Tcl_GetByteArrayFromObj performs exactly the same function as Tcl_GetBytesFromObj does when called with the interp argument passed the value NULL. This is incompatible with the way Tcl_GetByteArrayFromObj functioned in Tcl 8. Tcl_GetBytesFromObj is the more capable interface and should usually be favored for use over Tcl_GetByteArrayFromObj.
On success, both Tcl_GetBytesFromObj and Tcl_GetByteArrayFromObj return a pointer into the internal representation of a Tcl_Obj. That pointer must not be freed by the caller, and should not be retained for use beyond the known time the internal representation of the value has not been disturbed. The pointer may be used to overwrite the byte contents of the internal representation, so long as the value is unshared and any string representation is invalidated.
On success, both Tcl_GetBytesFromObj and Tcl_GetByteArrayFromObj write the number of bytes in the byte-array value of objPtr to the space pointed to by numBytesPtr. This space may be of type Tcl_Size or of type int. It is recommended that callers provide a Tcl_Size space for this purpose.
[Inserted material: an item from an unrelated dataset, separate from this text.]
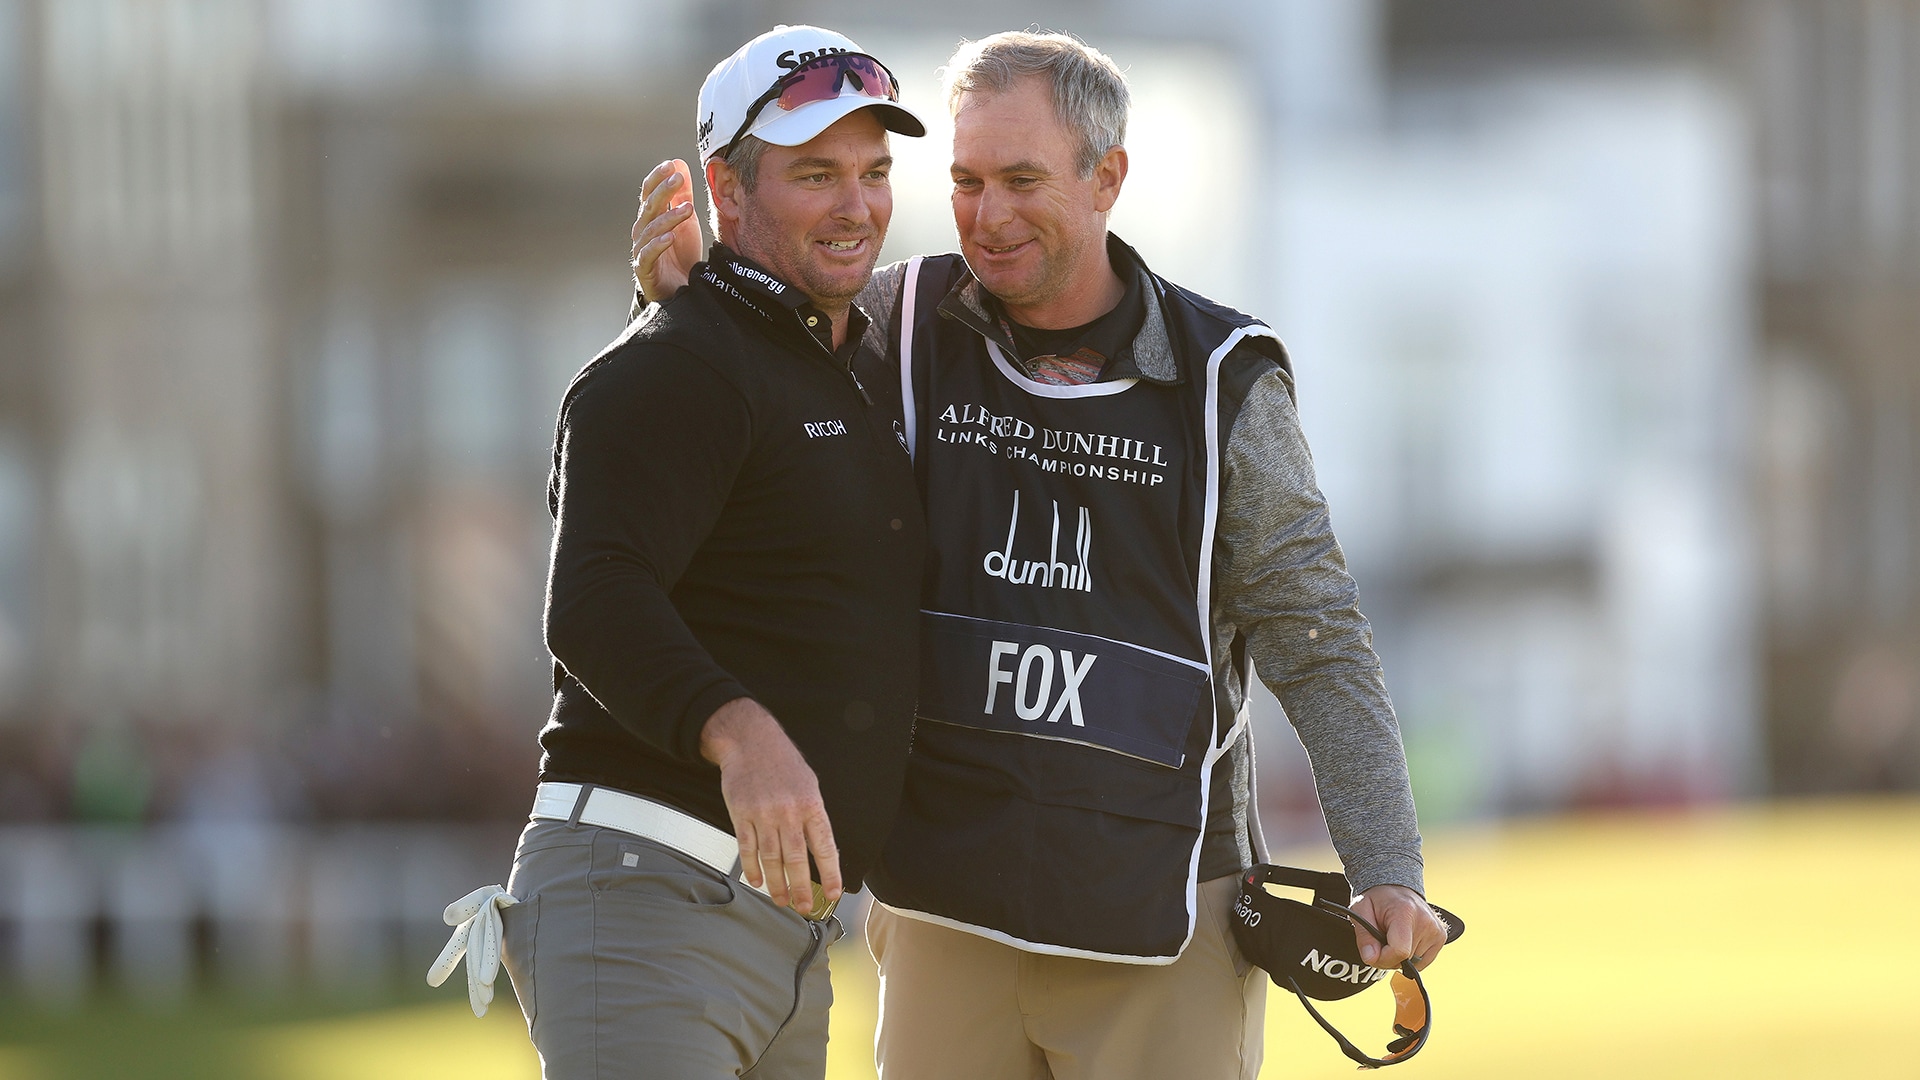 With help from above, Ryan Fox wins Dunhill Links for Warnie

If the caller provides only an int space and the number of bytes in the byte-array value of objPtr is greater than INT_MAX, the routine will fail due to being unable to correctly report the byte-array size to the caller. The ability to provide an int space is best considered a migration aid for codebases constrained to continue operating with Tcl releases older than 9.0.
Tcl_SetByteArrayLength enables a caller to change the size of a byte-array in the internal representation of an unshared objPtr to become numBytes bytes. This is most often useful after the bytes of the internal byte-array have been directly overwritten and it has been discovered that the required size differs from the first estimate used in the allocation. Tcl_SetByteArrayLength returns a pointer to the resized byte-array. Because resizing the byte-array changes the internal representation, Tcl_SetByteArrayLength also invalidates any string representation in objPtr. If resizing grows the byte-array, the new byte values are undefined. If objPtr does not already possess an internal byte-array, one is produced in the same way that Tcl_GetBytesFromObj does, also returning NULL when any characters of the value in objPtr (up to numBytes of them) are not valid bytes.
Tcl_SetByteArrayObj and Tcl_SetByteArrayLength do not modify the reference count of their objPtr arguments, but do require that the object be unshared.
Tcl_GetBytesFromObj and Tcl_GetByteArrayFromObj do not modify the reference count of objPtr; they only read.